Río, Ahoada (Nigeria)

En África, el impudor del cuerpo era magnífico. Creaba distancia, profundidad, multiplicaba las sensaciones, tejía una red humana alrededor de mí. Armonizaba con el país ibo, con el trazado del río Aiya, con las chozas del pueblo, sus techos color leonado, sus paredes color tierra. Brillaba en esos nombres que entraban en mí y que significaban más que nombres de lugares: Ogoja, Abakaliki, Enugu, Obudu, Baterik, Ogrude, Obubra. Impregnaba la muralla de la selva lluviosa que nos rodeaba por todas partes.
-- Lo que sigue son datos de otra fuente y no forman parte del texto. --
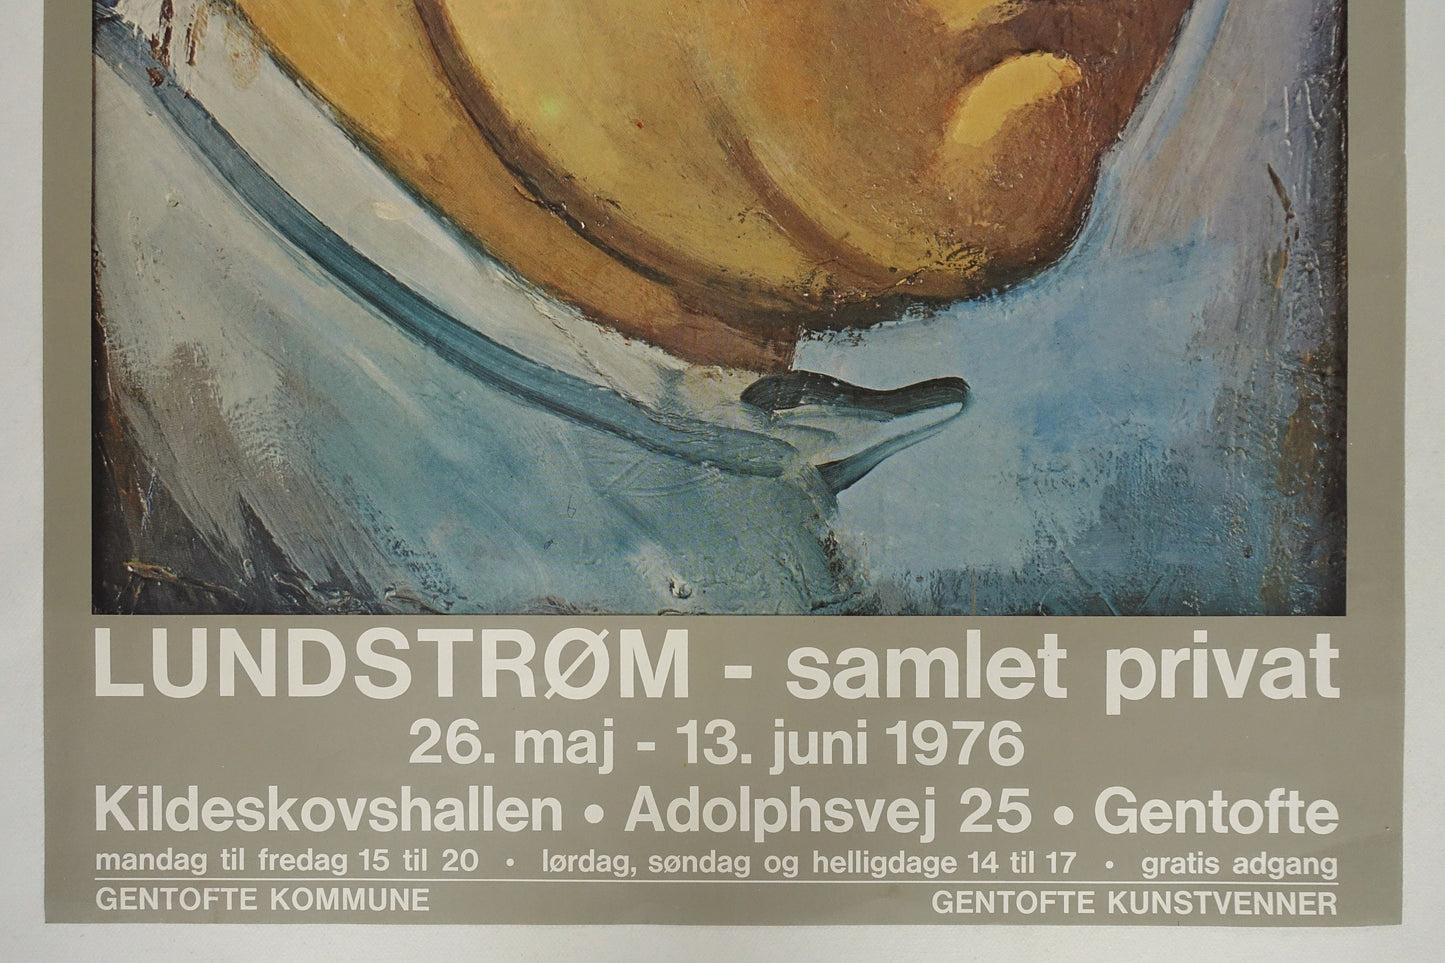 1976 Lundstrøm Art Exhibition Poster - Original Vintage Poster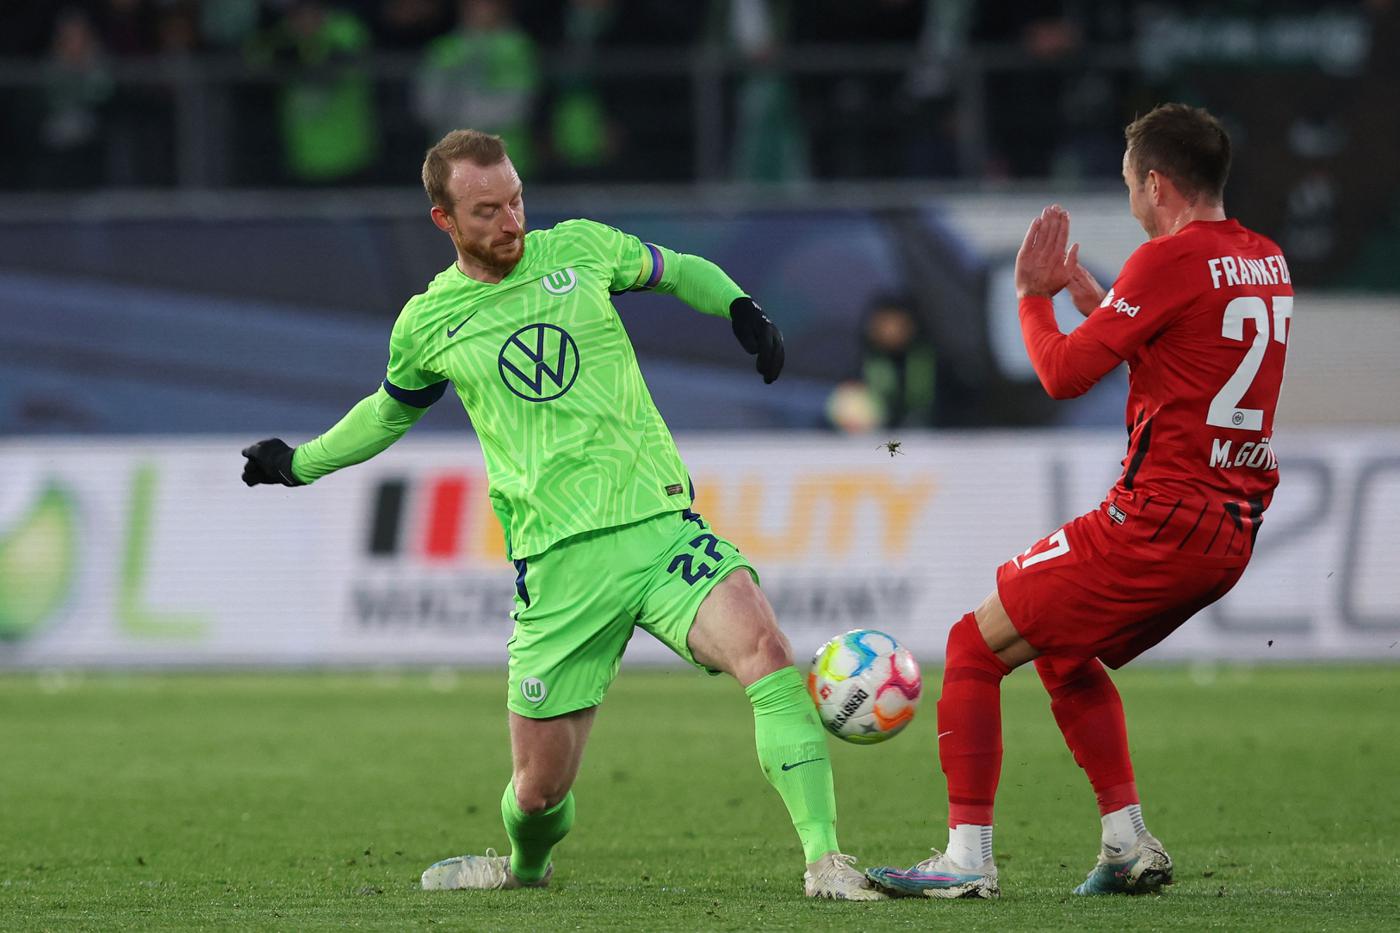 Wolfsburg - Eintracht - 2:2. German Championship, round 23. Match review, statistics.

Cuando se es niño no se usan palabras (y las palabras no están usadas). En esa época estaba muy lejos de los adjetivos, de los sustantivos. No podía decir, ni siquiera pensar: admirable, inmenso, potente. Pero era capaz de sentirlos. Hasta qué punto los árboles de troncos rectilíneos se alzaban hacia la bóveda nocturna cerrada encima de mí, que abrigaba como en un túnel la brecha ensangrentada de la ruta de laterita que iba de Ogoja hacia Obudu, hasta qué punto en los claros de los pueblos sentía los cuerpos desnudos, brillantes de sudor, las siluetas anchas de las mujeres, los niños colgados de sus caderas, todo esto que formaba un conjunto coherente, desprovisto de mentira.